Hacker News new | comments | show | ask | jobs | submit login
There are no good constant-time data structures (wingolog.org)
43 points by dmit on Dec 2, 2014 | hide | past | web | favorite | 52 comments



I feel like I must be missing something here.

You do not need constant-time comparisons of password hashes; to see why, reason through how you'd attack them.

An attack against an HMAC authenticator provides full, incremental control over the hash. No such control exists for a password hash; you can't step from "AAAAAA" to "AAAAAB" without a devastating break in the hash function itself. The capability to predict the input that generates "AAAAAB" implies a total failure of preimage resistance.

You can end up in a situation where timing leaks are relevant to password authentication. To do that, you need to design your own password storage system, and it needs to be badly flawed; for instance, you could literally use a general-purpose fast lookup hash and a chaining hash table. This is yet another reason to simply use bcrypt or scrypt to store passwords; doing so takes timing off the table.

In reality, though, you could just use a salted SHA1 hash (don't, though) and still be safe from this attack.


I had to read the article a couple times.

The scenario he's describing is:

  1. A user submits a password (with no username) to authenticate.
  2. The server looks up the password in a hash table. This involves:
     a. Hashing the password to find the correct bucket.
     b. Doing a string comparison against passwords stored in the bucket.
There are vulnerabilities in two places:

1. Buckets containing more passwords will take longer to return a negative result because they will have to perform more string comparisons. (This irrelevant except in pathological cases.)

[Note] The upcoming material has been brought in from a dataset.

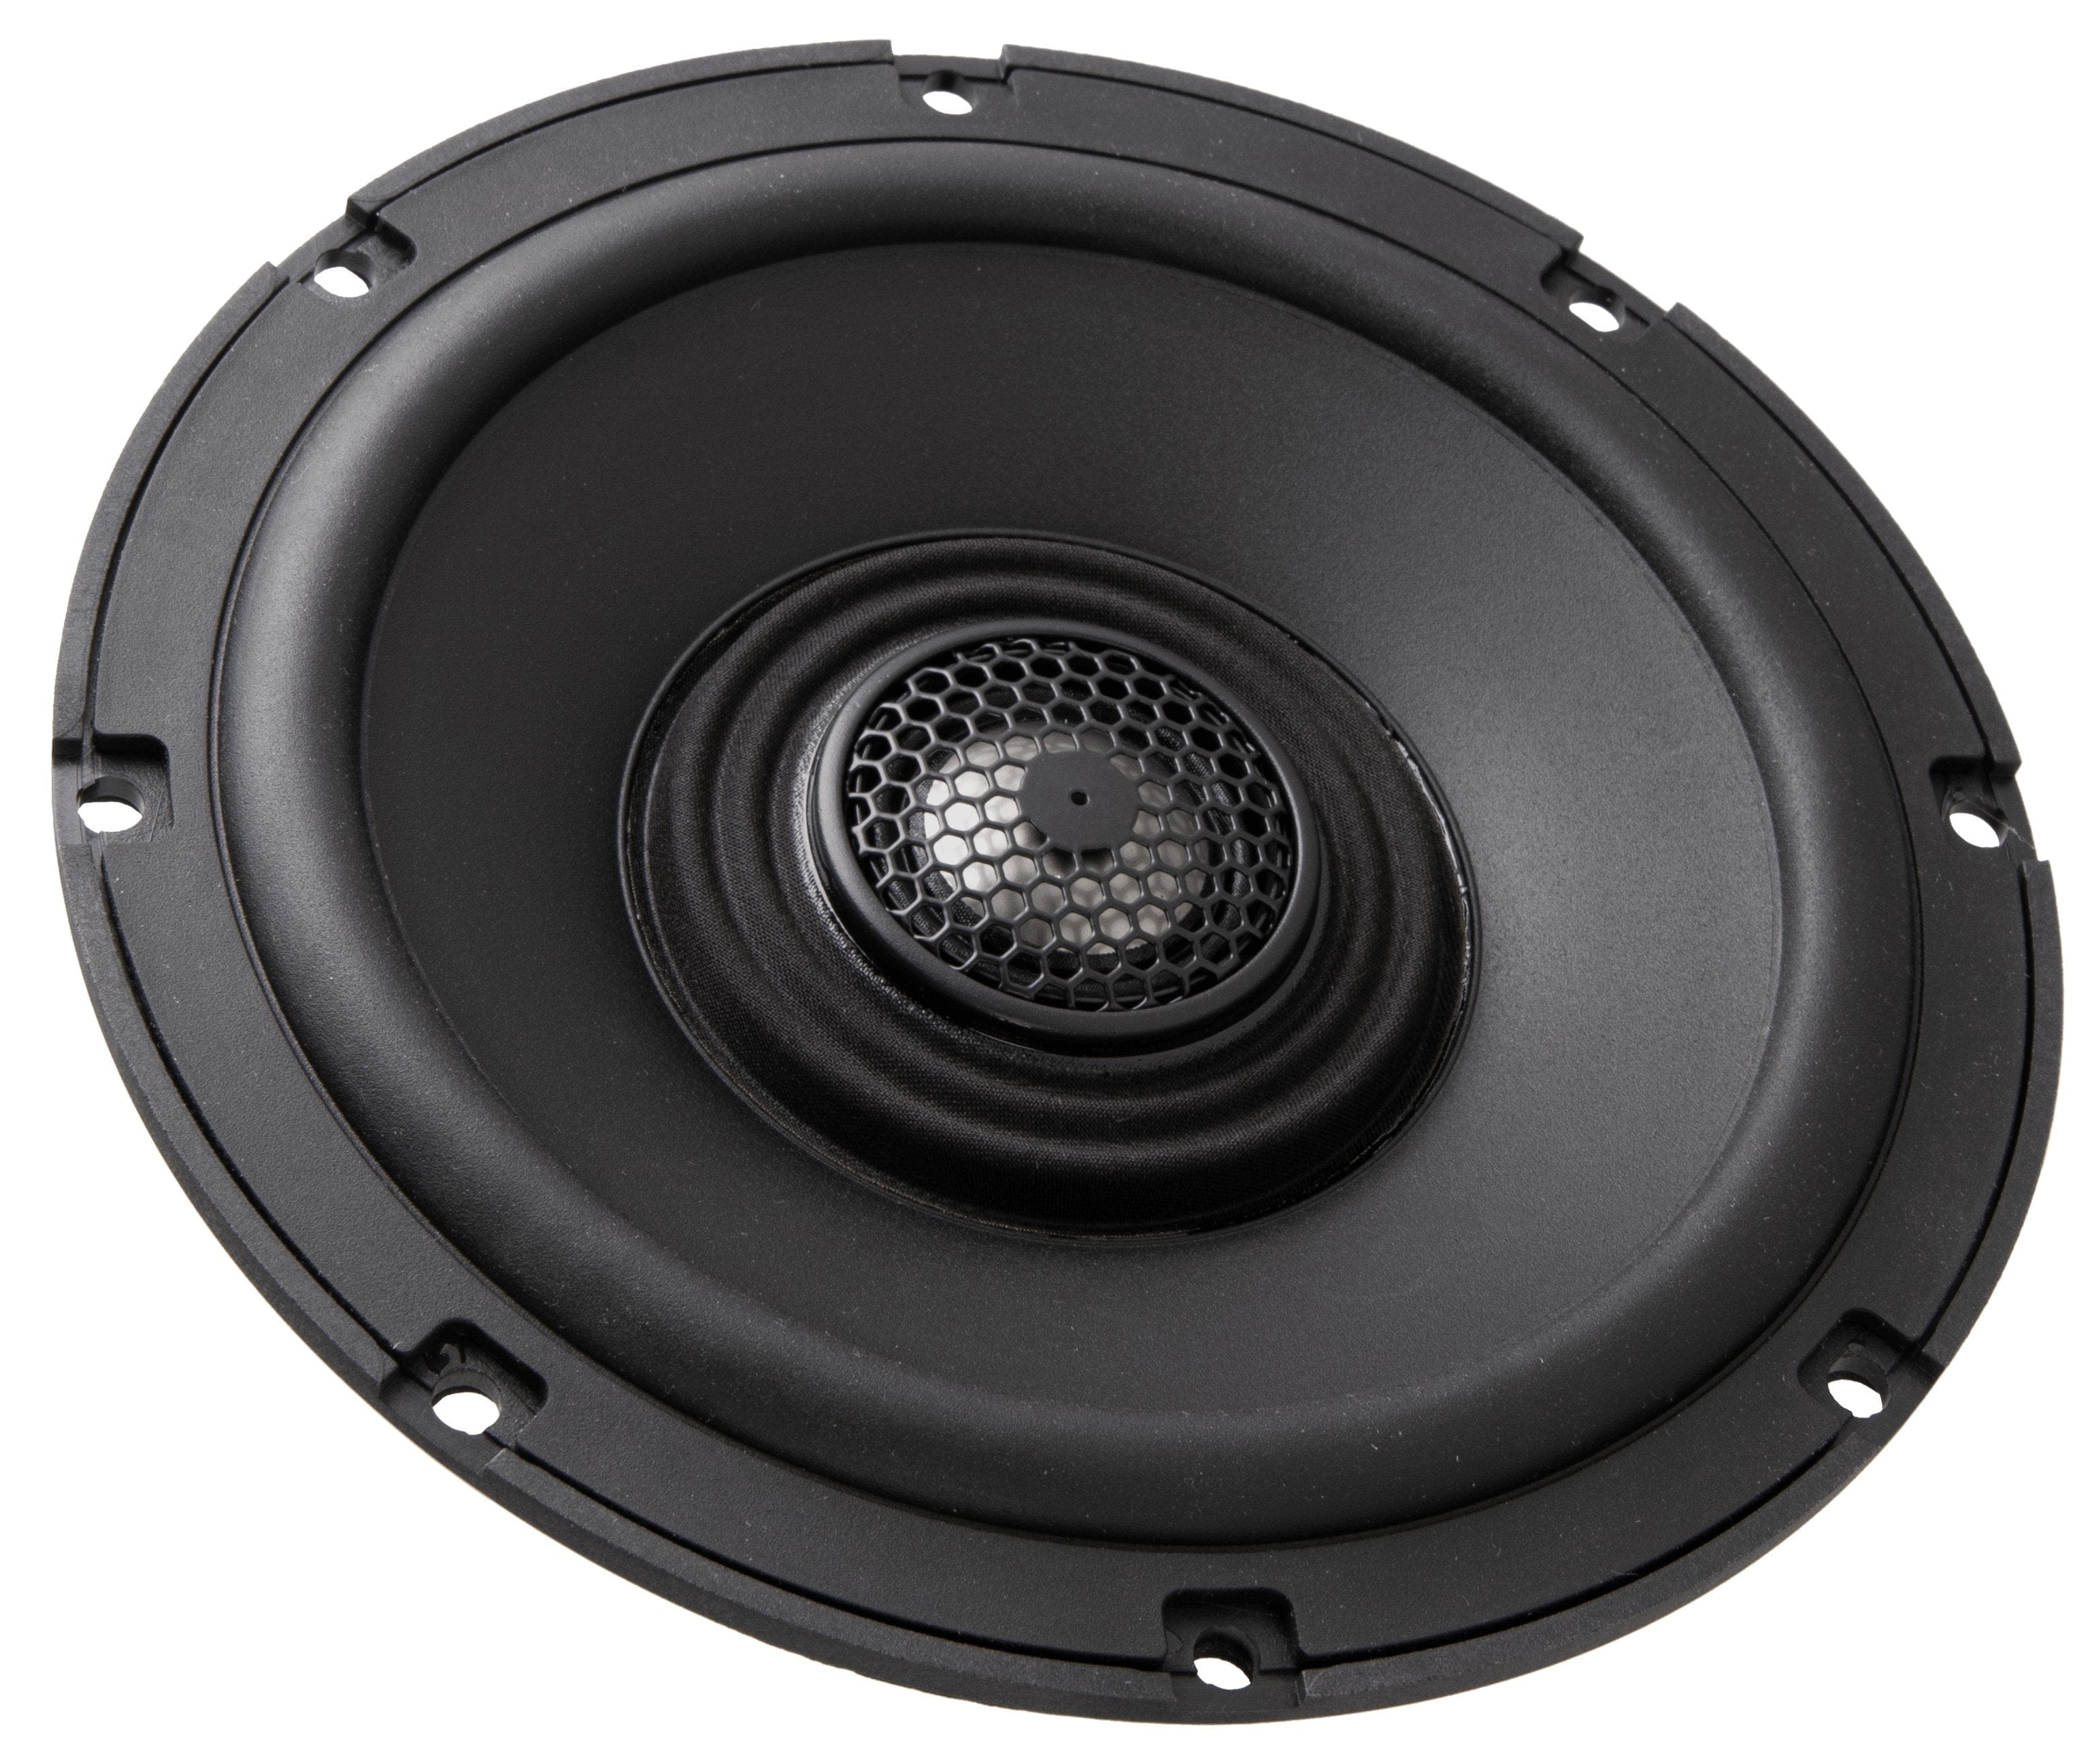 Soundstream Audio - Speakers Soundstream Premium 6.5" (4Ω) Motorcycle Speaker Pair
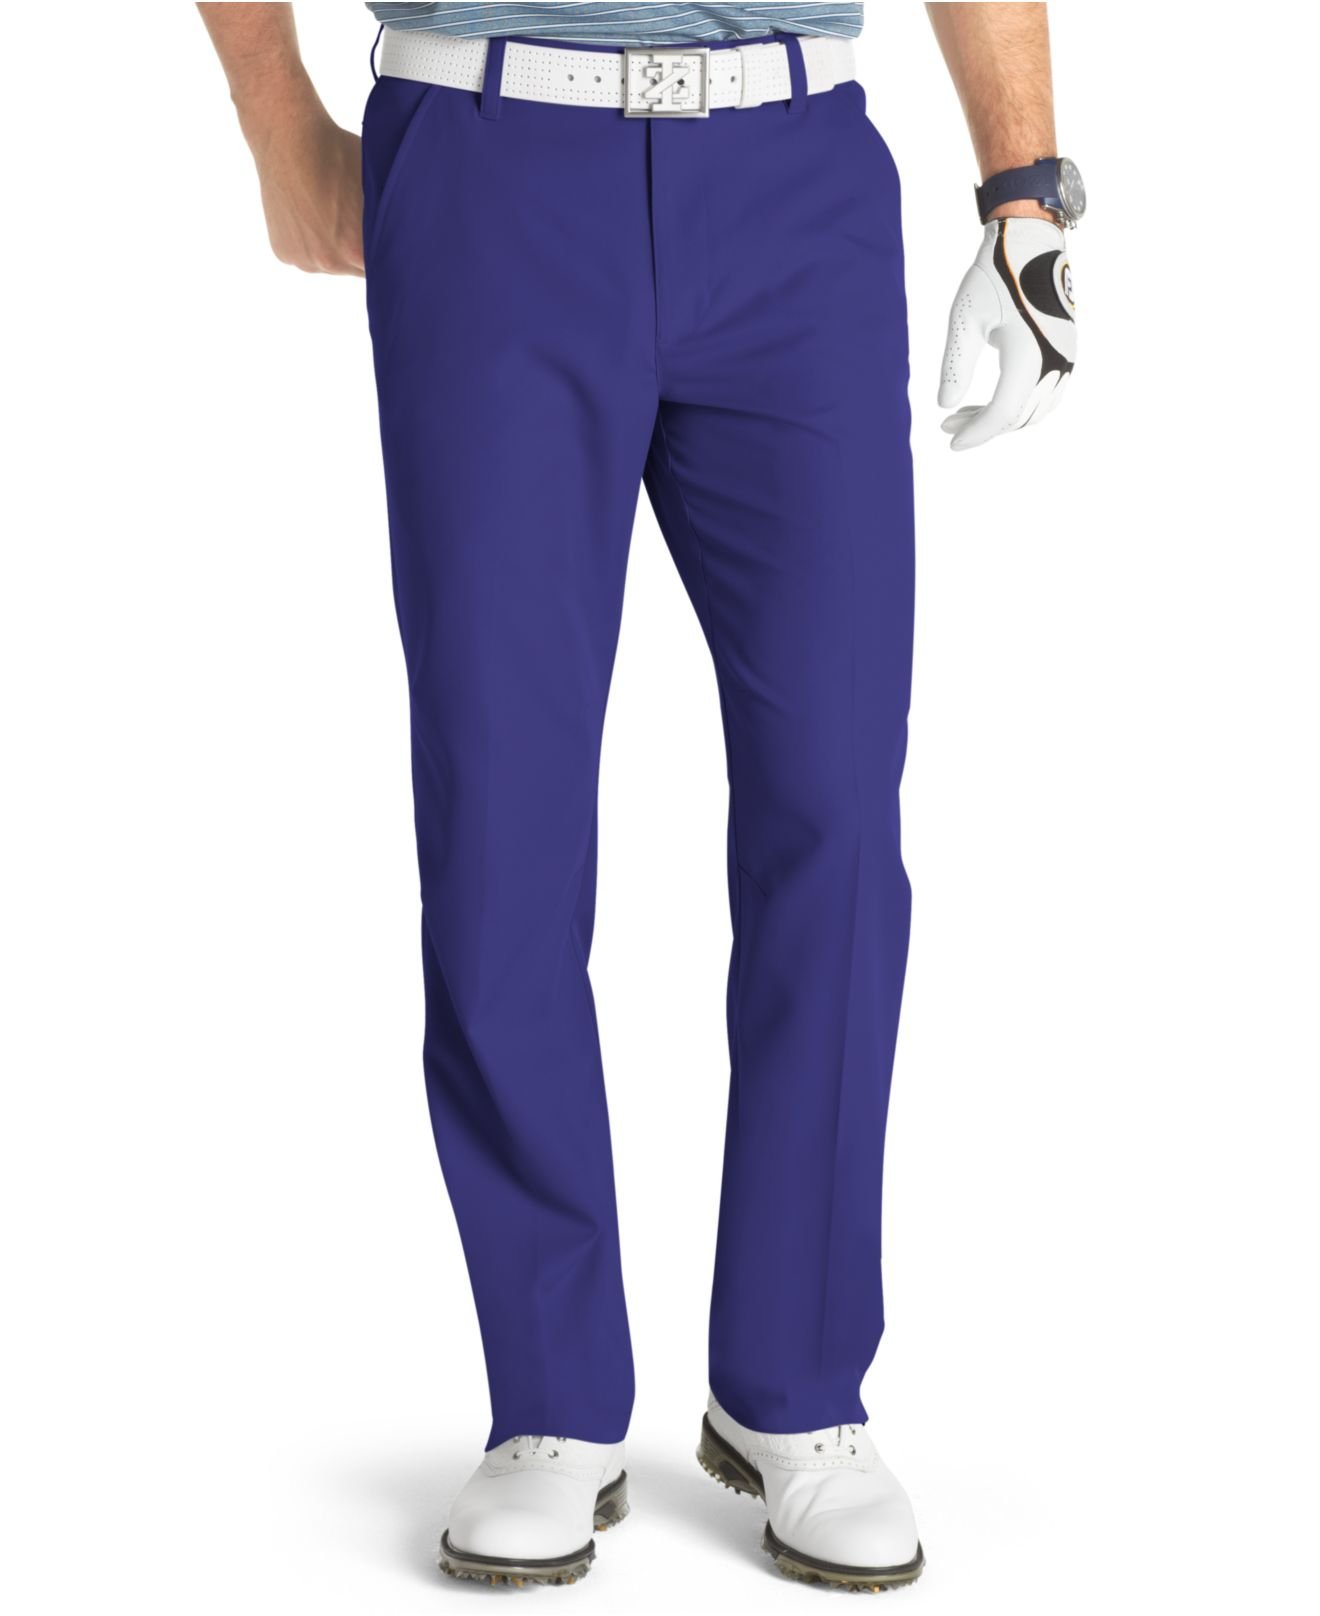 Lyst - Izod Golf Pants, Slim-fit Flat Front Pants in Blue for Men

2. String comparisons with longer common prefixes will take longer to return a negative result.

This is a bad example for a couple reasons:

1. Password inputs are not compared directly to stored values in any real authentication system. They are hashed first. A timing attack here implies a preimage attack against the hash function.

2. Passwords are not global. Passwords are paired with a username. You don't get to time the comparison against every password in the system to determine common prefixes, for example.

A better example might have been API tokens, which are often stored in cleartext and fetched directly from the database.


I don't think the post is about passwords in that sense, but of some kind of authorization tokens handed out by the server after authentication. E.g. in web frameworks an opaque session cookie that's used to index into server side session storage doesn't seem like a horribly exotic design choice.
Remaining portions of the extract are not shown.